The South Carolina Supreme Court, applying South Carolina law, has held that a legal malpractice claim may not be assigned between two adversaries in litigation where the alleged malpractice arises out of the same litigation. Skipper v. ACE Prop. & Cas. Ins. Co., 2015 WL 4269817 (S.C. July 15, 2015).

An individual was in a car accident with the driver of a truck owned by an insured logging company. The insurer retained counsel for the insured company and its driver in an underlying personal injury action against the driver and the company. Without informing the insurer, the underlying plaintiff and the insured company and its driver entered into a settlement and consent judgment whereby the insureds admitted liability, agreed to pursue a legal malpractice claim against the attorneys retained for the insureds by the insurer, and assigned a large interest in the legal malpractice claim to the underlying plaintiff.

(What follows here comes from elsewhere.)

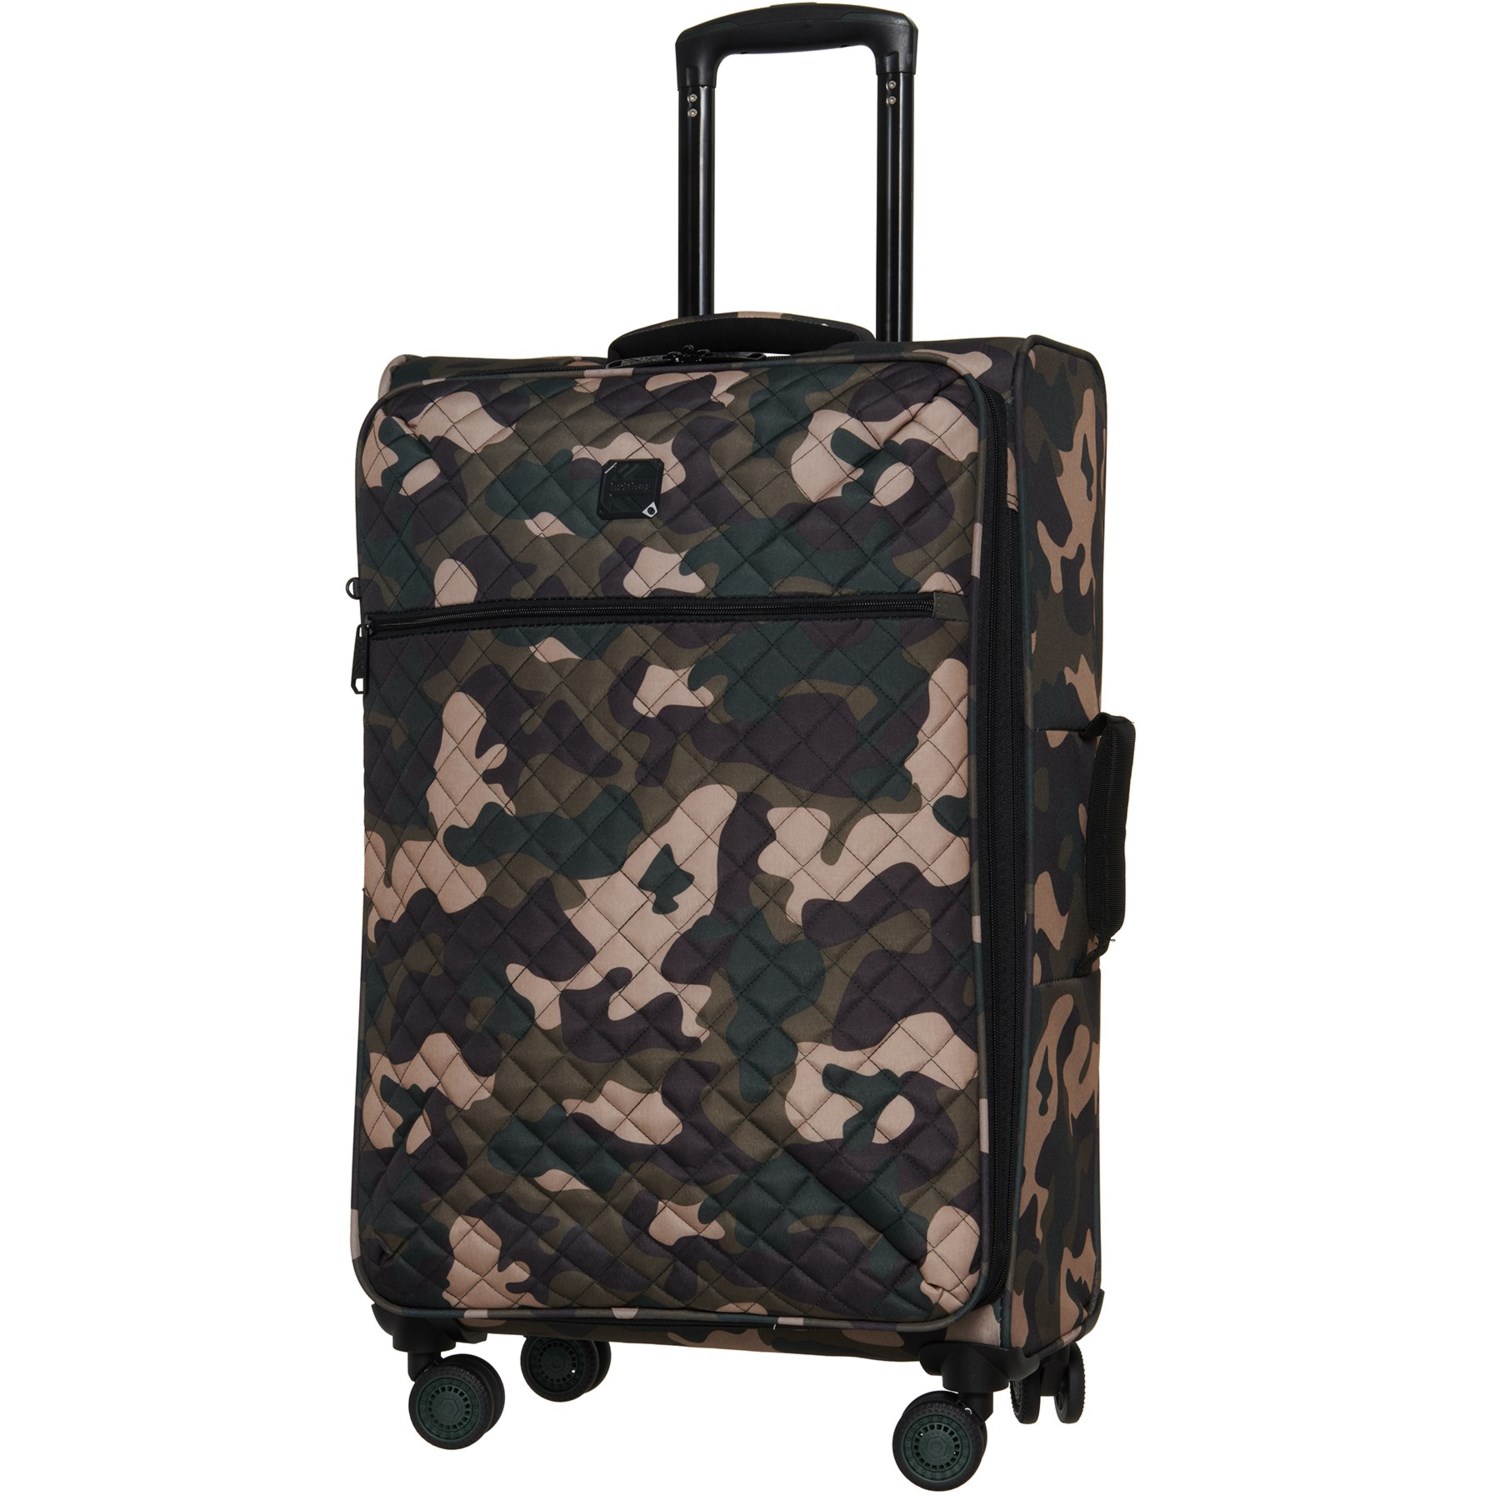 BritBag 28.1” Aberdare Spinner Suitcase - Softside, Expandable, Dark Brown Camo

In answering a certified question addressing this matter, the South Carolina Supreme Court adopted the “majority rule in other jurisdictions . . . to prohibit the assignment of legal malpractice claims between adversaries in the litigation in which the alleged malpractice arose.” In so doing, the court stressed the “potential for collusion and inflated consent judgments” if the assignment of such malpractice actions was permitted. The court also stated that “permitting the assignment of legal malpractice claims between adversaries threatens the integrity of the attorney-client relationship” by creating a conflict of interest between the defense attorney and his client. The court further explained that permitting such an assignment of a legal malpractice claim “would lead to disreputable role reversals in which the plaintiff-assignee would be required to take a position ‘diametrically opposed’ to its position in the underlying litigation” by forcing the plaintiff-assignee to argue that the underlying defendant would have won his case but for the actions of the defense attorneys in order to be successful in the legal malpractice action.

For these reasons, the court held that, “in South Carolina, the assignment of a legal malpractice claim between adversaries in litigation in which the alleged malpractice arose is prohibited.”